THE Port Lincoln City Council has flagged plans to borrow $10.2 million over the next two years to pay for a new indoor aquatic facility if it goes ahead with the project.

The Port Lincoln City Council has adopted its Long Term Financial Plan for the next 10 years.

The forecast borrowings are included in a new long term financial plan adopted by the council on Monday night.

The plan looks at the council’s projected revenue and expenses over the next 10 years and how it will achieve its objectives, which are based on its existing strategic directions document and a new infrastructure and asset management plan, also adopted on Monday night.

The plan gives an indication of the rate increases Port Lincoln ratepayers can expect over the next decade starting with 6.4 per cent in the next financial year.

A 6 per cent rise is forecast for 2015/16 followed by 5 per cent rises for the next three years until 2019/20 when the increase is reduced to 4.5 per cent, then to 4 per cent from 2021/22.

In the years to 2016/17, the transition to full cost recovery on the waste/recycling service will be completed and in 2015/16 the introduction of an additional $35 fixed charge amount is included, to cover the likely operating costs of an indoor aquatic facility if it proceeds.

These charges are on top of general rate revenue.

Borrowings of $4.2 million and $6 million are included in 2014/15 and 2015/16, primarily driven by the capital cost of the potential indoor aquatic facility project, based on a 20-year loan and 5 per cent interest rate.

However, the plan forecasts the borrowings being reduced to $1.8 million by 2024 as cash balances allow early repayments.

The council’s chief executive Rob Donaldson said the “manageable” planned borrowings and rate revenue increases “settling at 5 per cent or lower” were sustainable and responsible funding and strategies to meet the community’s needs and aspirations.

Mr Donaldson said it was “pleasantly surprising” how quickly the council could revert back to rate rises of 5 per cent and below.

He said there would be some “hard years” in the meantime as the council progressed toward full cost recovery for waste and recycling services and if it borrowed money for an aquatic facility, but “we very quickly get into what I think it a very satisfactory financial plateau”.

Councillor Mick Bascombe voted against adopting the long term financial plan, which he said would move the council “very swiftly” into an unsustainable position.

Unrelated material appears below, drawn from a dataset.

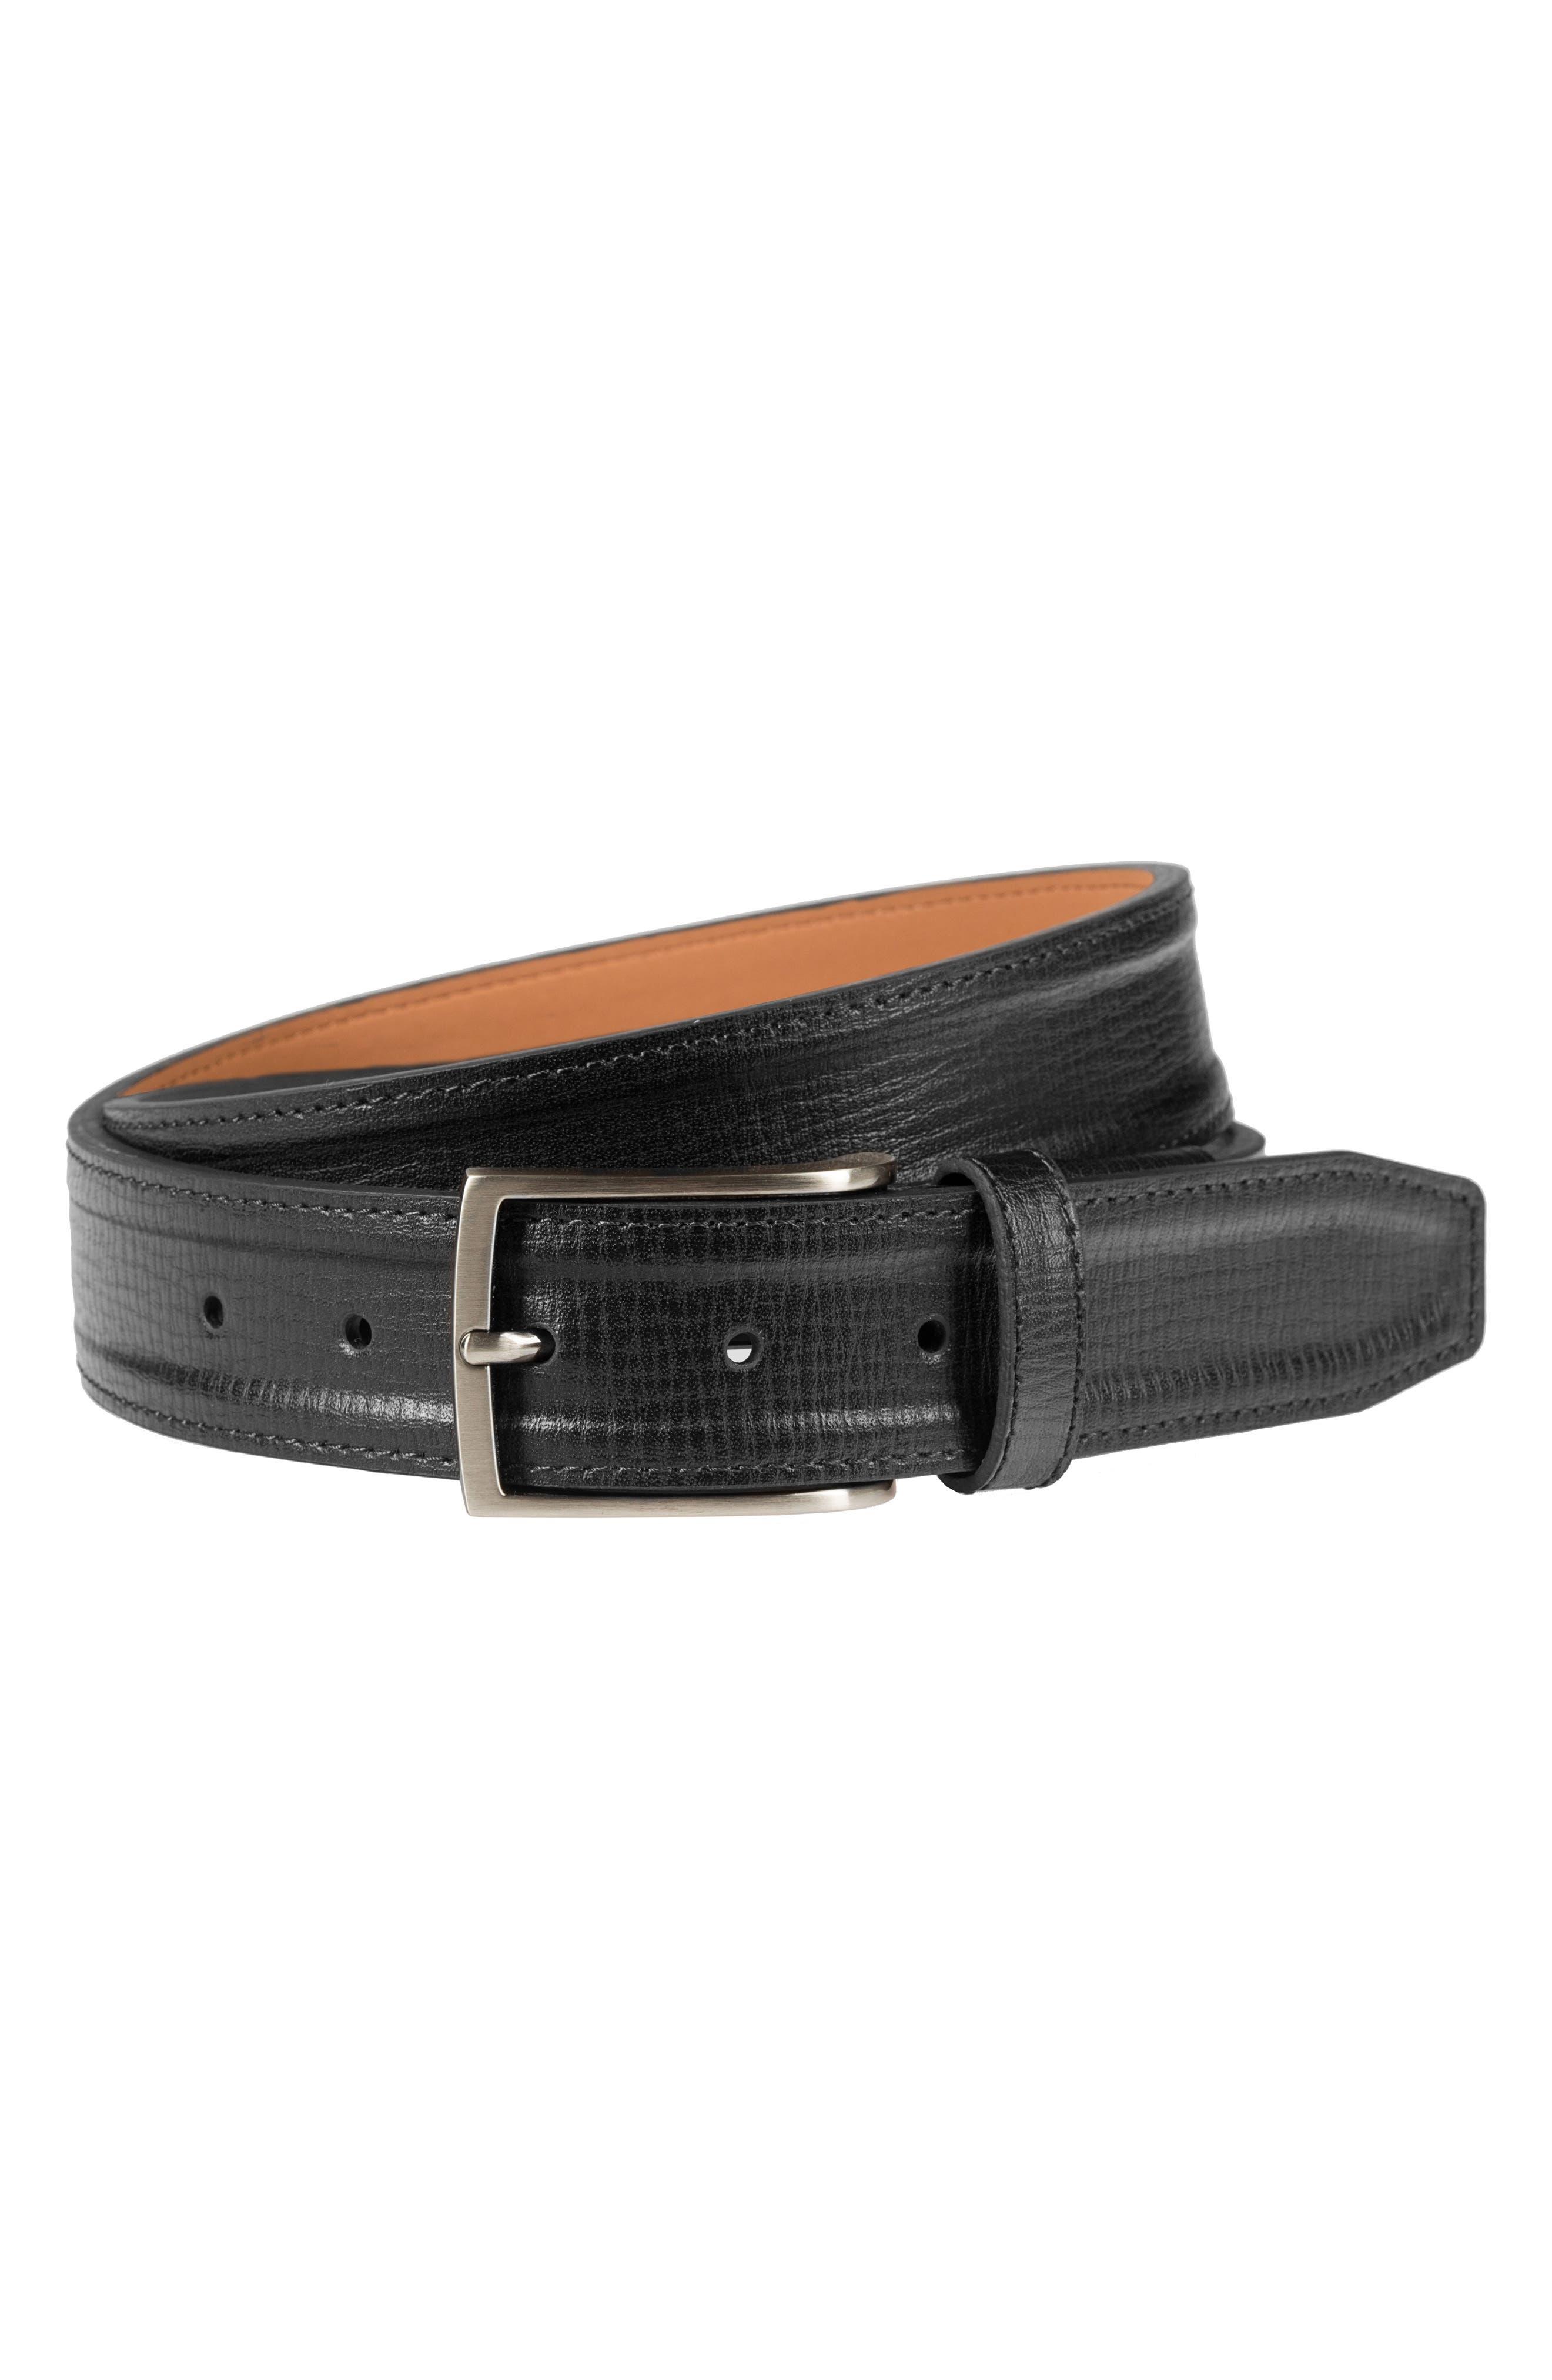 Nike Trapunto G Flex Leather Belt

“In 2016/17 we’ll be over $10 million in debt with a city with 8000 something rateable properties.”

Mr Bascombe said the proposed rate rises combined with additional charges equated to an 80 per cent increase for ratepayers over the next 10 years, which was not fair, particularly when compared with a rate rise of only 30 per cent from 2000 to 2010.

“This plan is proposing to go into massive debt and there’s no way I’ll have anything to do with it.”

Councillor Neville Starke said the decade Mr Bascombe mentioned “was a period when very little was done in this city” and the future looked brighter.

Councillor Peter Jolley said the council acknowledged the work previous councils had done but there was no point comparing eras.

“We’re in an age of compliance, we simply can’t do the old business we used to without paying enormous amounts of money.

“The rules have changed and I think this is a responsible budget along those lines.”

Councillor Danny Bartlett said he shared some of Mr Bascombe’s concerns about the level of debt, “but ultimately our decisions are budget by budget”.

“I would almost say (the plan) presents a worst case scenario.”

He said whether or not the council ended up borrowing $10 million was yet to be decided.

Councillor Malcolm Catt said he felt like the council had been “flying blind” for a number of years and it was good to know where it was going: “hopefully we get there”.

The long term financial plan will be reviewed every year after the council’s budget is adopted.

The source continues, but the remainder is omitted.